Parfois aussi, ce qui nous semble au premier abord n'être que spéculation errante est un authentique effort de la pensée humaine pour appréhender des groupes de phénomènes. Ainsi la récurrence des quatre saisons et le mouvement régulier des astres peuvent servir de base à des généralisations valables. De là à penser que l'être humain est un petit monde, il n'y a qu'un pas, comme on dit, que franchissent justement les auteurs des livres sur les Chairs et sur les Semaines, établissant une correspondance, parmi d'autres, entre les parties du corps et les régions du ciel.

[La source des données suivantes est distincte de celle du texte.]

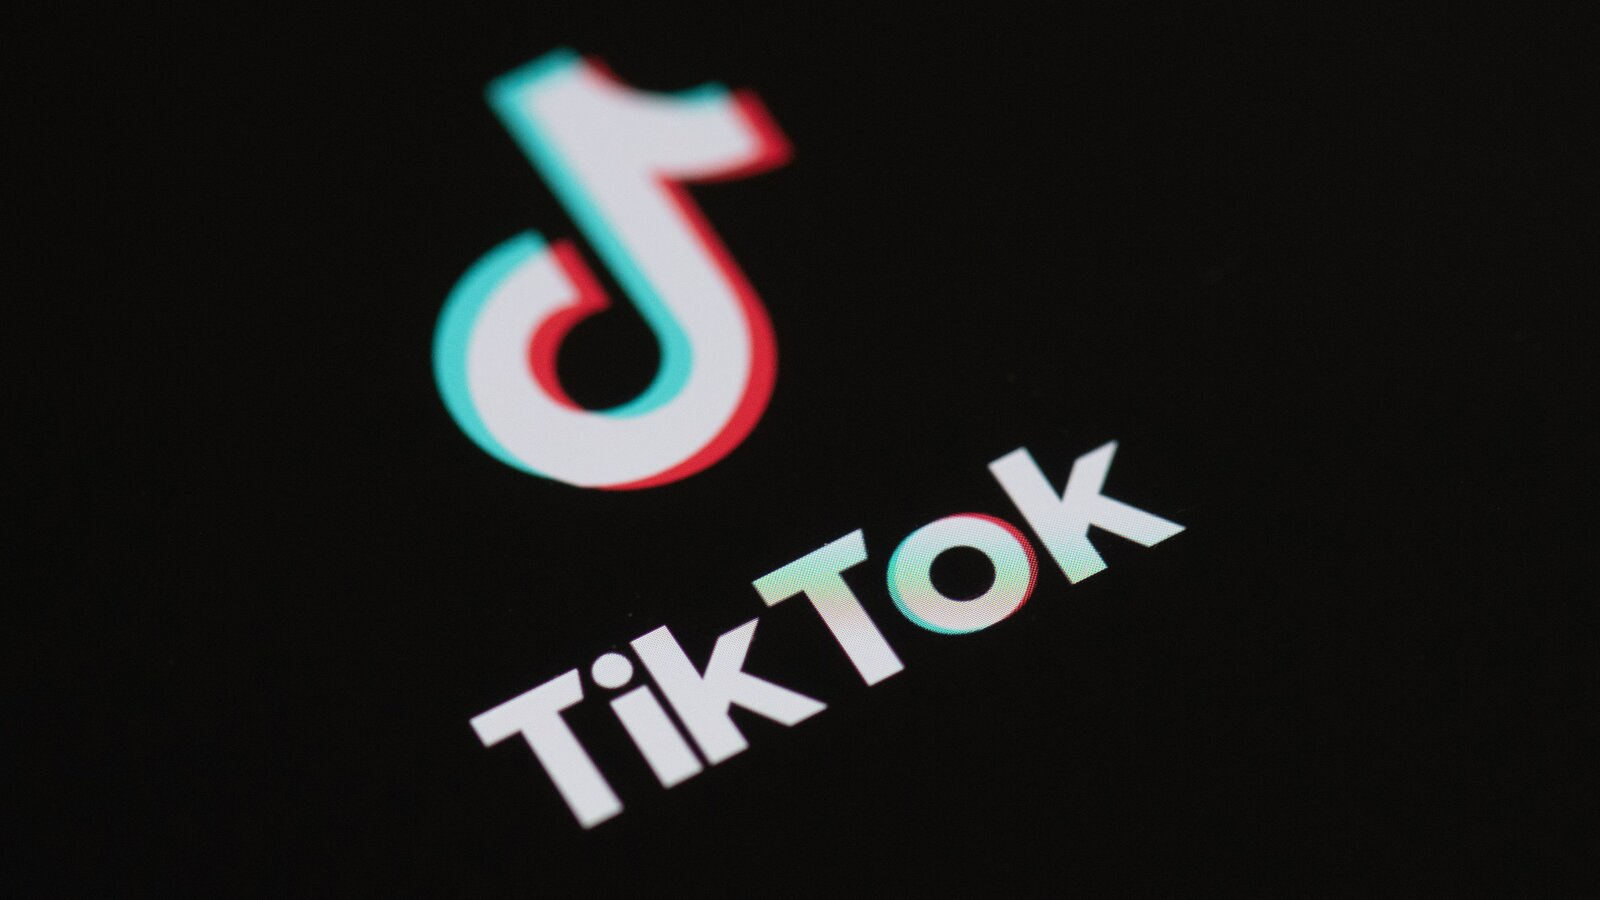 TikTok: Αναβαθμίζεται για τα τηλέφωνα iPhone 12 Pro και Pro Max

L'être humain, corps et âme

La médecine hippocratique en arrive à une conception particulière de l'être humain en tant qu'entité physique. Bien que l'unanimité de vues n'existe pas dans le corpus, le corps apparaît en règle générale comme un tout composé d'un certain nombre d'éléments simples. Ceux-ci sont tantôt le feu et l'eau (Du régime, par. 3), tantôt le sang uniquement, ou la bile ou le phlegme, la bile jaune et la bile noire. D'autres admettent l'existence de quatre «humeurs», mais qui sont le sang, le phlegme, la bile et l'eau.(2) Dans l'ensemble, les hippocratiques soulignent que les humeurs contiennent chacune deux des quatre qualités essentielles: chaud ou froid, sec ou humide. Elles occupent aussi une zone spécifique du corps humain: c'est notamment le coeur pour le sang, le foie pour la bile, la tête pour le phlegme. Cela ne les empêche pas de se déplacer dans l'organisme par la voie des veines ou par le chemin des innombrables cavités qu'elles rencontrent partout. La santé existe donc lorsque les humeurs évoluent dans leur domaine propre et qu'elles ne sont quantitativement et qualitativement ni en excès ni en défaut. Dans la pathologie hippocratique, il est une conception digne d'attention: ce système semble penser que les organes, pas plus que telle ou telle partie du corps, ne sont pas causes de maladie: ils sont malades, atteints par une cause extérieure ou par un déséquilibre (souvent inexpliqué) des humeurs.

Les hippocratiques nous expliquent d'autre part que le corps est composé de substances de base communes à tous ses éléments. C'est peut-être pour cette raison que la maladie peut affecter tout le corps à la fois et se manifester en plusieurs endroits différents. Elle affecte même l'âme également. Nous ne pouvons examiner ici le problème de la constitution de l'âme ou des facultés dans le corpus: notons au moins une tendance à considérer l'âme comme étant matérielle et une habitude de tenir compte à la fois des affections physiques et psychiques. On constate le synergisme entre corps et âme dans le fait, par exemple, qu'une peur est capable de provoquer une attaque d'épilepsie (Maladie sacrée, 12); une vivacité de sentiment stimule les humeurs qui redonnent ou enlèvent les couleurs de la peau, mais contracte le coeur, alors que la bonne humeur le dilate. Inversement, la diète peut améliorer l'intelligence. Dans une page admirable, l'auteur du Régime enseigne comment l'âme, durant le jour, est au service du corps; mais la nuit, elle est à elle-même et en profite pour faire le tour de son logis. Les rêves sont justement le langage par lequel elle signale les problèmes qu'elle a décelés ainsi que les foyers latents de maladie. On lit encore aujourd'hui avec surprise les descriptions de cas de malades dans les livres d'Épidémies, où le médecin rapporte autant les accès de délire, les gestes maniaques, les troubles psychologiques que les symptômes physiques dont le patient est atteint.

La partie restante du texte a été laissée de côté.